The on-disk format was declared stable in 2013[1]. That just meant that barring an act of God, they were not going to break the on-disk format, e.g. a filesystem created at that point would continue to be mountable for the foreseeable future. It was not a declaration that the filesystem was itself now stable necessarily, but especially was not suggesting that all of the features were stable. (As far as I know, many features still carried warning labels.)

Furthermore, the "it's been X years!" thing referring to open source projects has to stop. This is the same non-sense that happens with every other thing that is developed in the open. Who cares? What matters isn't how long it took to get here. What matters is where it's at. I know there's going to be some attempt at rationalizing this bit, but it's wasted on me because I'm tired of hearing this.

> ZFS is an example of amazingly written code by awesome engineers. It's simple to manage, scales well, and easy to grok.

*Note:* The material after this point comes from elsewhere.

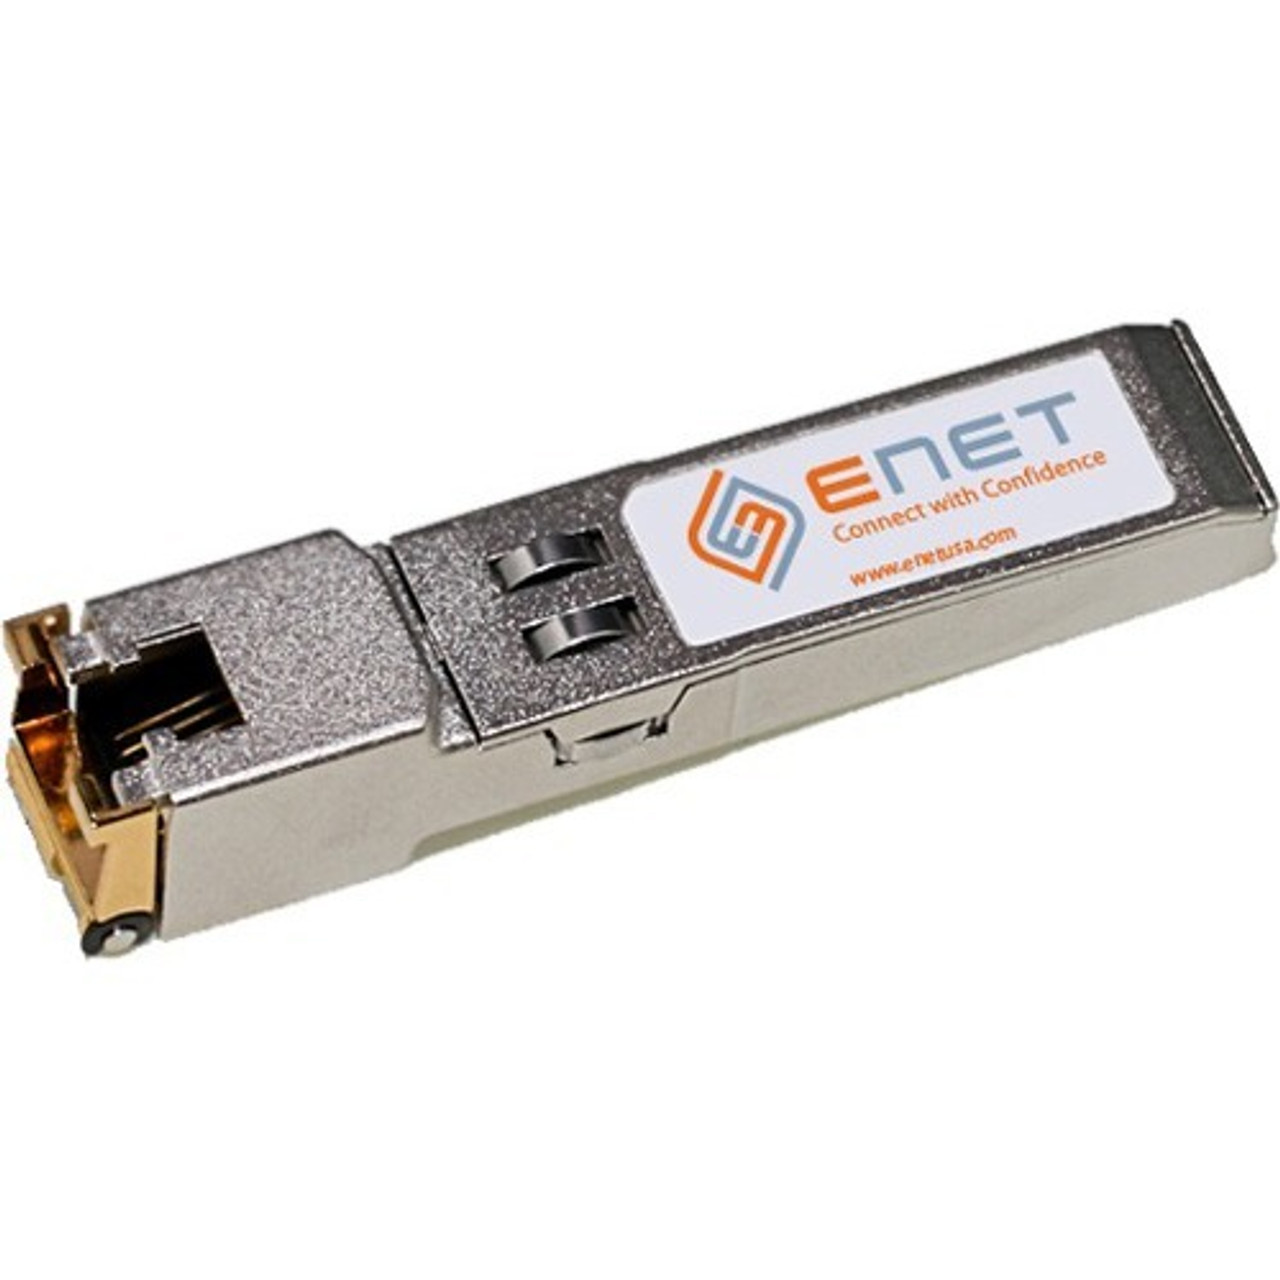 ENET 01-SSC-9791-ENC

Agreed. But ZFS was written by developers at Sun Microsystems for their commercial UNIX. We should all be gracious to live in a world where Sun Microsystems existed. We should also accept that Sun Microsystems is not the standard any more than Bell Labs was the standard, they are extreme outliers. If we measure everything based on whether it's as good as what Sun Microsystems was doing in the 2000s, we're going to have a bad time.

As an example, DTrace is still better than LTTng is right now. I hope that sinks in for everyone.

However, OpenZFS is not backed by Sun Microsystems, because Sun Microsystems is dead. Thankfully and graciously at that, it has been maintained for many years by volunteers, including at least one person who worked on ZFS at Sun. (Probably more, but I only know of one.)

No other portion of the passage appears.